EcoTeam Back in Classrooms After Hurricane Hiatus
Ryleigh Johnson | February 4, 2024
The EcoTeam of Warren Wilson College (WWC) is back for another semester after the interruptions of Hurricane Helene. The team, which is an offshoot of the college’s Community Engagement program, brings WWC students into local third-grade classrooms as science educators.
Initially started as a senior’s capstone project in the early 2000s, EcoTeam’s focus is bringing hands-on science learning to kids. Jake Bruce, the AmeriCorps Vista who oversees the program, is especially interested in promoting interactive learning in the classroom.
“It's all about participation,” Bruce said. “We want awareness and effective dispositions, but we also want to adhere to the knowledge and skill standards of North Carolina.”
Since the early 2000s, the program has run on and off again, with a strong period from 2014-2018. In 2020, during the COVID-19 pandemic, WWC cut the AmeriCorps Vista position from Community Engagement, along with EcoTeam.

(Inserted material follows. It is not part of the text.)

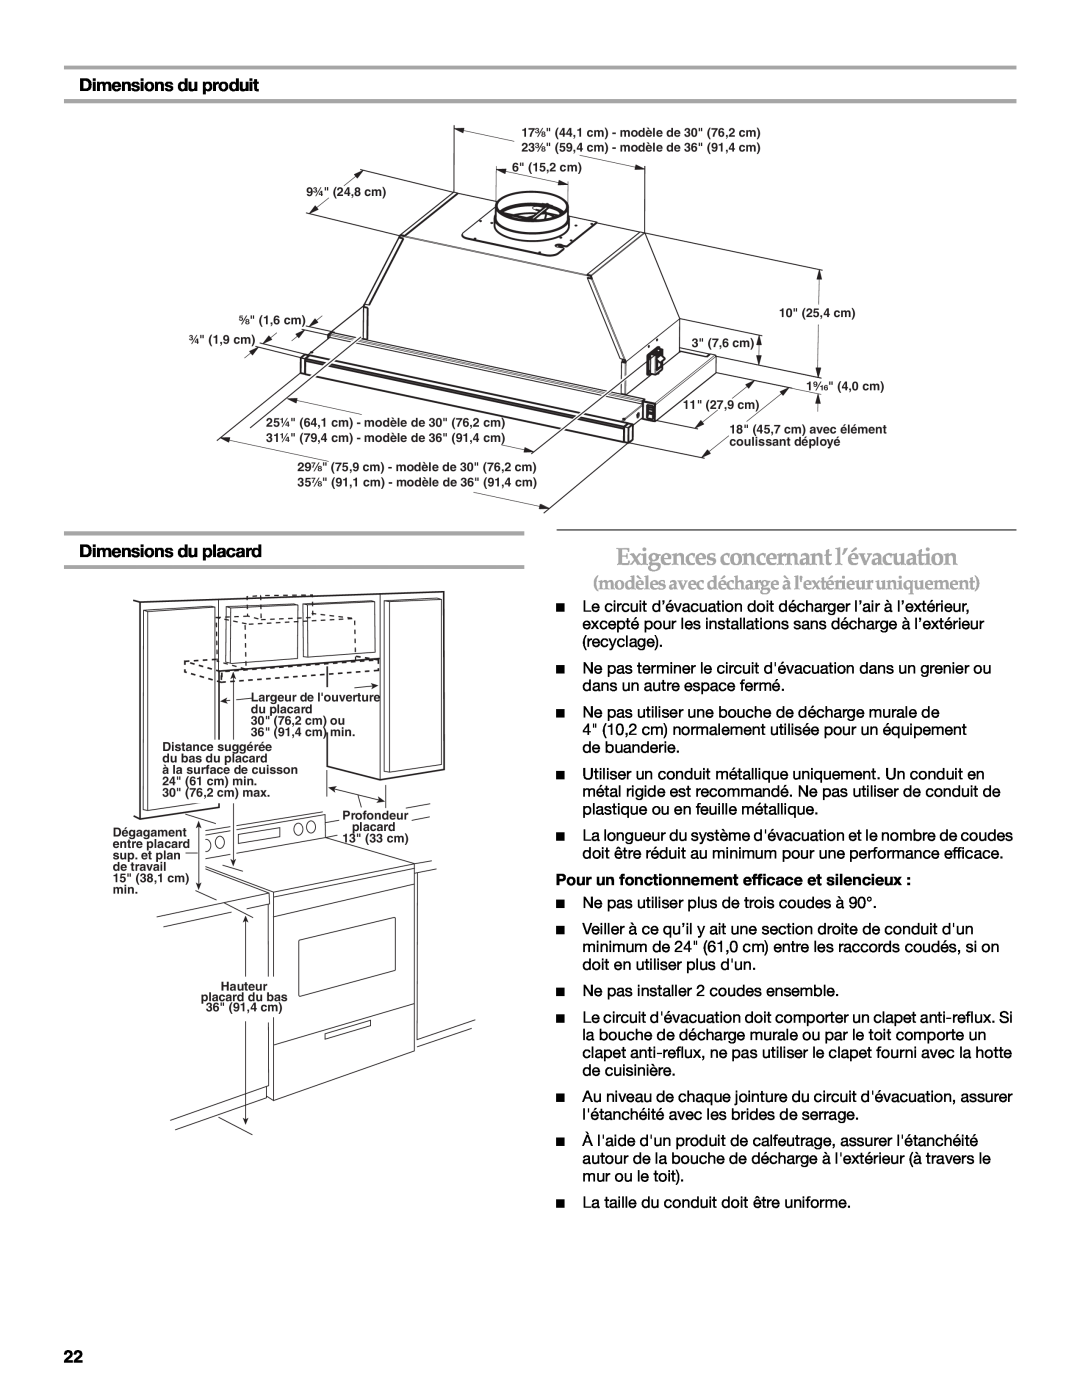 KitchenAid W10267109C Dimensions du produit, Pour un fonctionnement efficace et silencieux, Dimensions du placard 
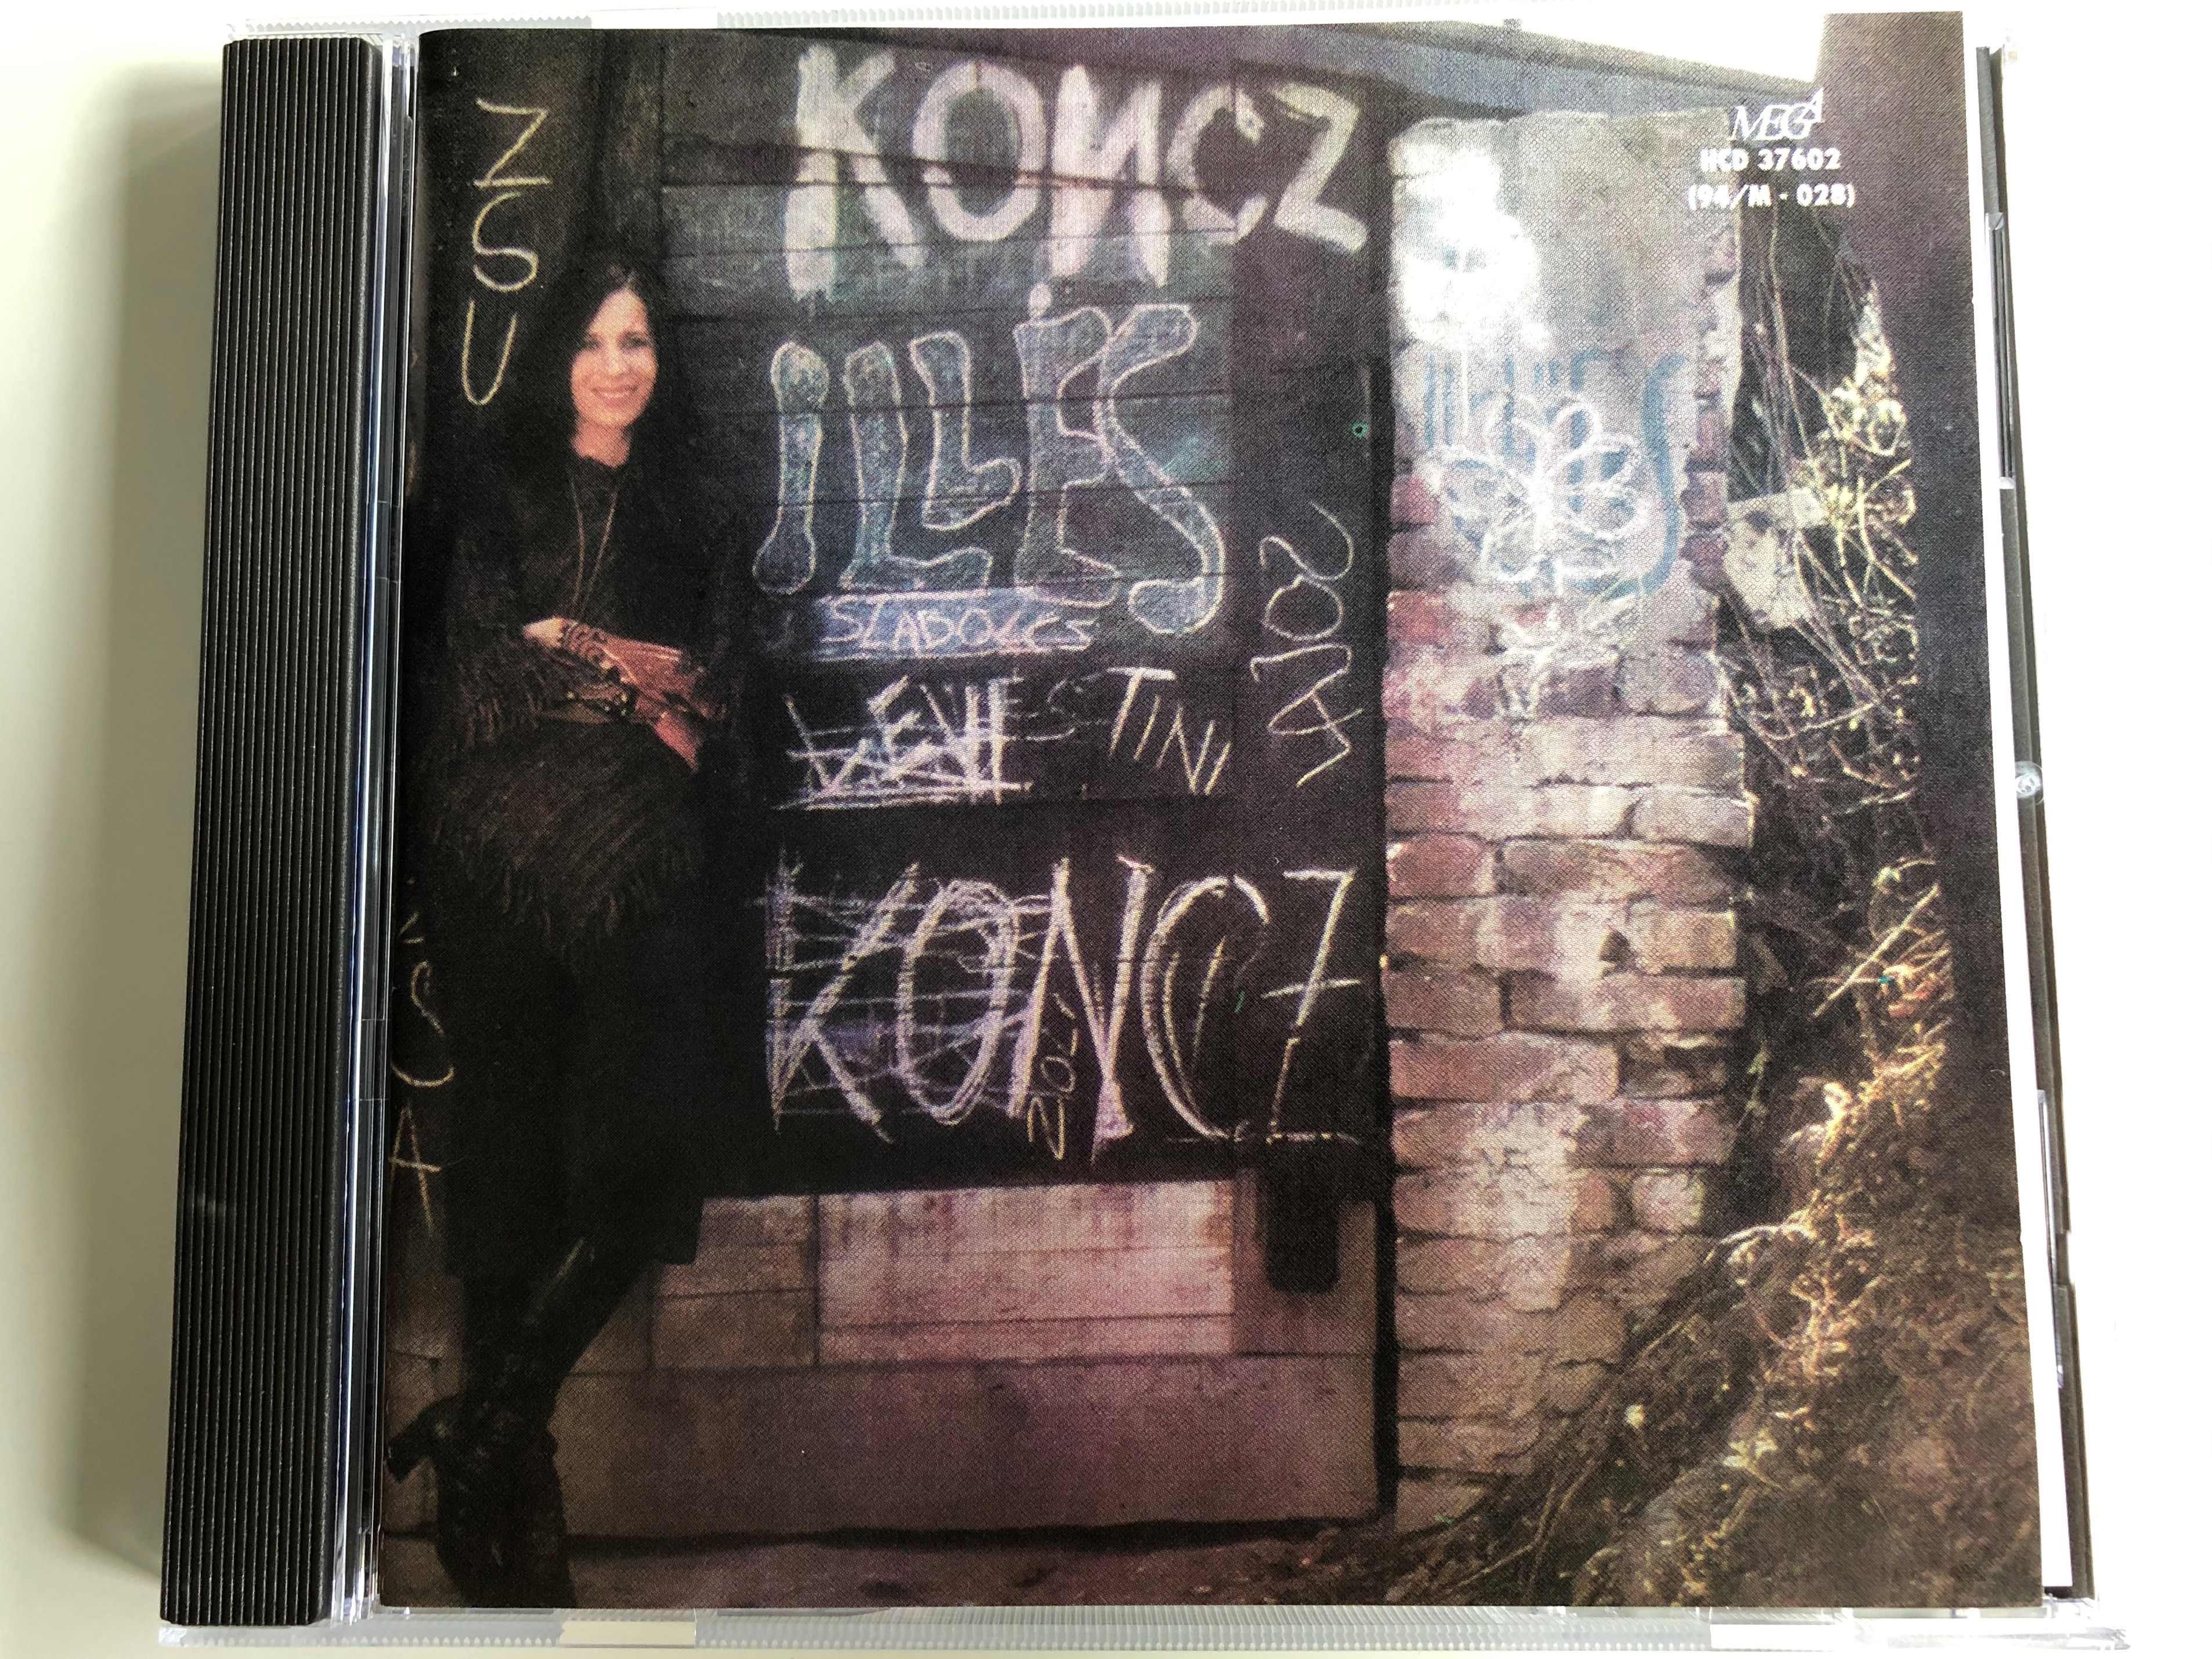 koncz-zsuzsa-kis-vir-g-mega-audio-cd-1994-hcd-37602-94m-028-1-.jpg

The program lay dormant for several years before coming back in the spring of 2024. That’s when Chloe Bloodworth, a senior outdoor leadership major, joined the team.
“I joined Warren Wilson during COVID and our opportunities for community engagement were very small,” Bloodworth said. “It was really cool to have an opportunity to go beyond the Warren Wilson campus and teach kids about the environment.”
The EcoTeam places two students in three local elementary schools for lessons that run for seven weeks. These students prepare lessons written per North Carolina’s science standards about topics like river basins and pollination.
The team was gearing up for a full semester of teaching last fall when Hurricane Helene hit. After students returned to campus in the wake of the hurricane, the team decided they would not teach the lessons as planned.
Gabe Ranke, a sophomore environmental studies major, was especially disappointed at not being able to interact with the kids in a classroom setting. He had been looking for an educational community engagement opportunity when the Verner Crew, which formerly provided childcare at the Verner Center for Early Learning, was disbanded last year.
“It was an executive decision to not have anyone go into the classrooms, just to give them a bit of recovery time, which was a good decision, but it still sucked a little bit,” Ranke said.
In place of the planned seven weeks of lessons, the team quickly built a one-time pop-up lesson about herbalism.
“We went pretty back and forth and eventually agreed on medicinal herbs because it's something a lot of us in the group were interested [in] or knew a bit about,” Natalie Helser, a freshman on the team, said.
Helser, along with Bruce and other members of the team, worked to create a curriculum about the medicinal uses and identification of nettles. Then, in December, they took that curriculum into the classroom. It was a hit with both the kids and the WWC student teachers.
“During the pop-up lesson, I felt so rejuvenated and full all day because I love working with the kids,” Helser said. “So that's really nice. I think it's a pretty awesome opportunity for both the kids and the educators.”
This semester, the EcoTeam crew is excited to be back in classrooms engaging with kids. They remain committed to providing fun, hands-on educational opportunities for the kids they work with, not only for the enrichment of the students but for the health of the environment itself.
“I’m interested in teaching kids about the environment and trying to help promote that type of education to get people passionate about it from an early age so that they don't go with ideologies that make them hate the environment or think that it is something that human beings inherently own and can do whatever they want with,” Ranke said. “Part of our responsibility as people is to take care of the environment and be kind to it. And I think it's really important for kids to know that and understand that.”